Discovering Contentment in Life: Radical Self-Acceptance and Self-Awareness
When we find “the one,” we experience a high from the knowledge that this magnificent person finds something admirable in us. We accept them without conditions (for a while). Any defects or imperfections are invisible to us.
After a little while, the euphoria’s mist lifts. We start to grow impatient with each other over seemingly insignificant things, and emotions of unhappiness progressively permeate our relationships. This article elaborates on how you can develop or find contentment in life by making a conscious effort to control your body’s mental and physical reactions to various events in your relationship through self-awareness and self-acceptance.
Something with biology
The pleasure we experience at the beginning of a relationship is the result of a brief surge in hormones and biochemicals created to ensure the survival of our species. We remain attracted to each other thanks to these hormones. They have an impact on our emotions and our thinking, which is why we initially find certain quirks endearing but subsequently find them annoying.
These love chemicals suppress those all-too-familiar critical, self-defeating thoughts for a period in order to preserve the species. However, after our bodies return to their normal state, we are left to negotiate the wide spectrum of human emotions, which seem so challenging to us and keep us feeling uneasy.
Discovering Contentment in Life
We are all familiar with the heaviness in the chest that comes along with guilt or responsibility sentiments. Nearly everyone is familiar with the horrible sensation in the pit of the stomach that humiliation causes. When we are furious or resentful, our chests still burn hot and painful. We seek external means to prevent us from experiencing these negative emotions and to make us feel better. We frequently look on our partners to provide us with comfort, and when they disappoint us or are the cause of our sentiments in the first place, we get upset.
The majority of individuals, however, are unaware that these feelings and the bodily sensations that go along with them are actually memories because they lack self-awareness. That is to say, our body learnt to react with stress to any indication of annoyance, rejection, disappointment, or alienation from our primary caregivers long ago when maintaining a connection with them was literally a matter of life and death. We remember and recall these apparent disconnections as well as our bodily reactions as a matter of survival. But how is stress related to feelings?

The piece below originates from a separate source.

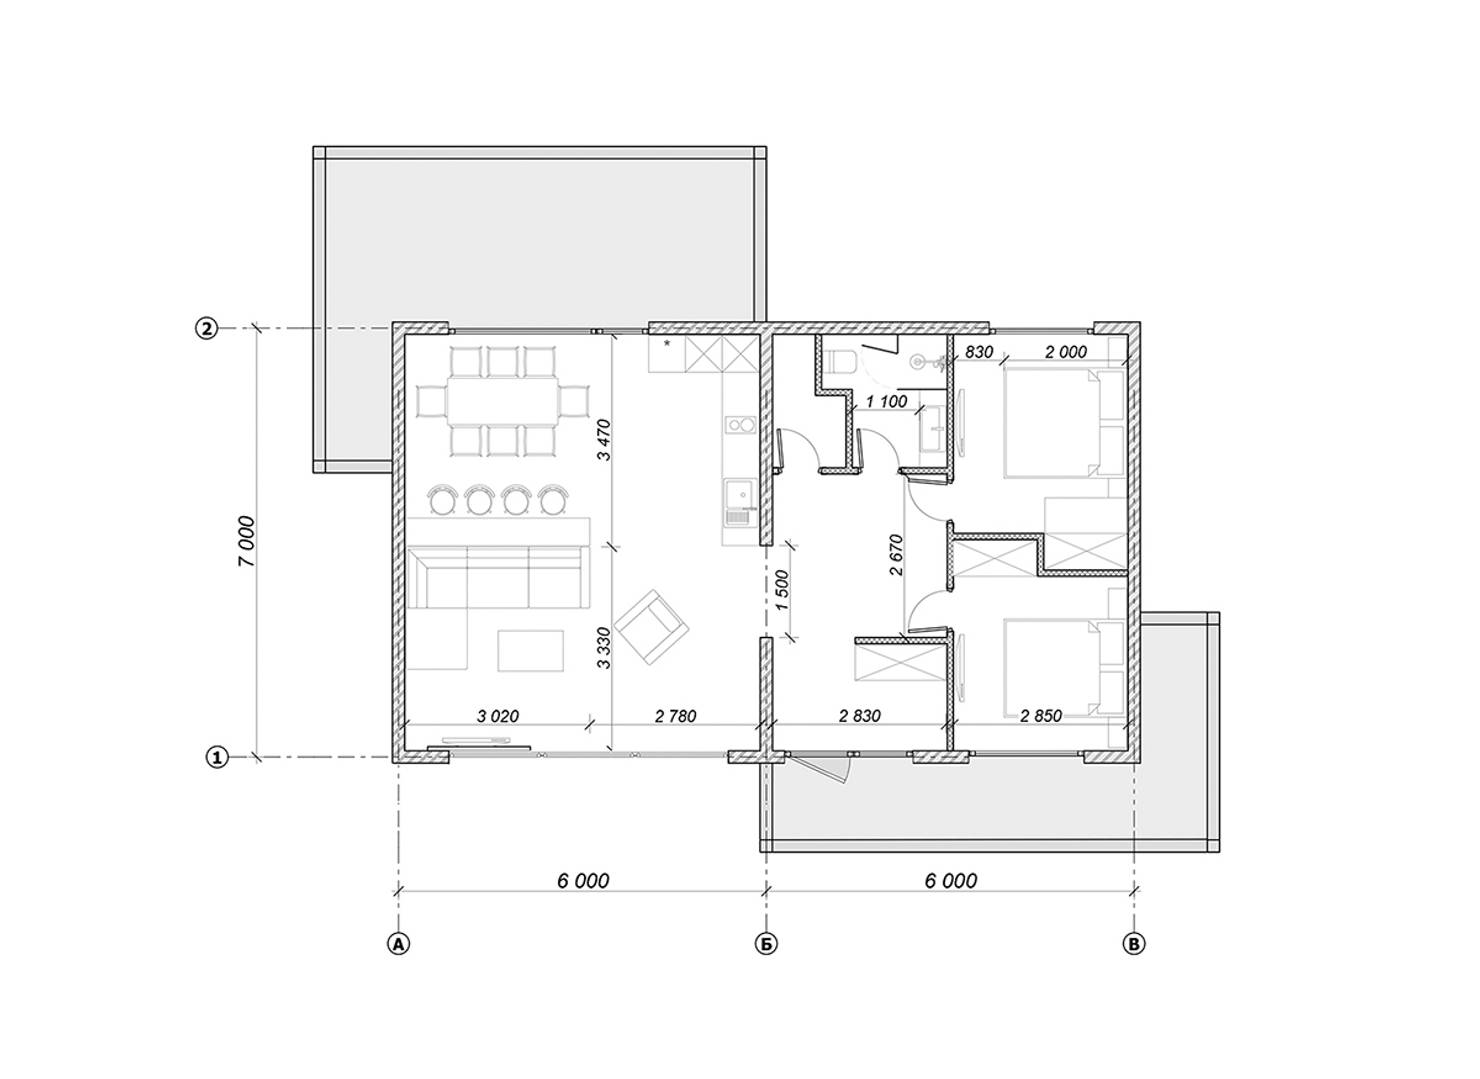 Планировка дома одноэтажного с двумя спальнями 80 кв

Stress, emotions, and survival
The hormones and biochemicals the body releases when the stress response is triggered are significantly different from those that are released when we are falling in love. The survival reaction releases these molecular messengers, which cause discomfort in our bodies and are intended to signal danger and prompt an action to save our lives—fight or run.
We can’t do either in childhood, when these reactions are first encountered and remembered, so we freeze and instead, we adapt. The ability to adapt is a trait shared by all people. Beginning in the earliest stages of life, it initially helps us (after all, if Daddy tells us not to cry or he’ll give us something to cry about, we learn to suck it up), but over time, it causes issues.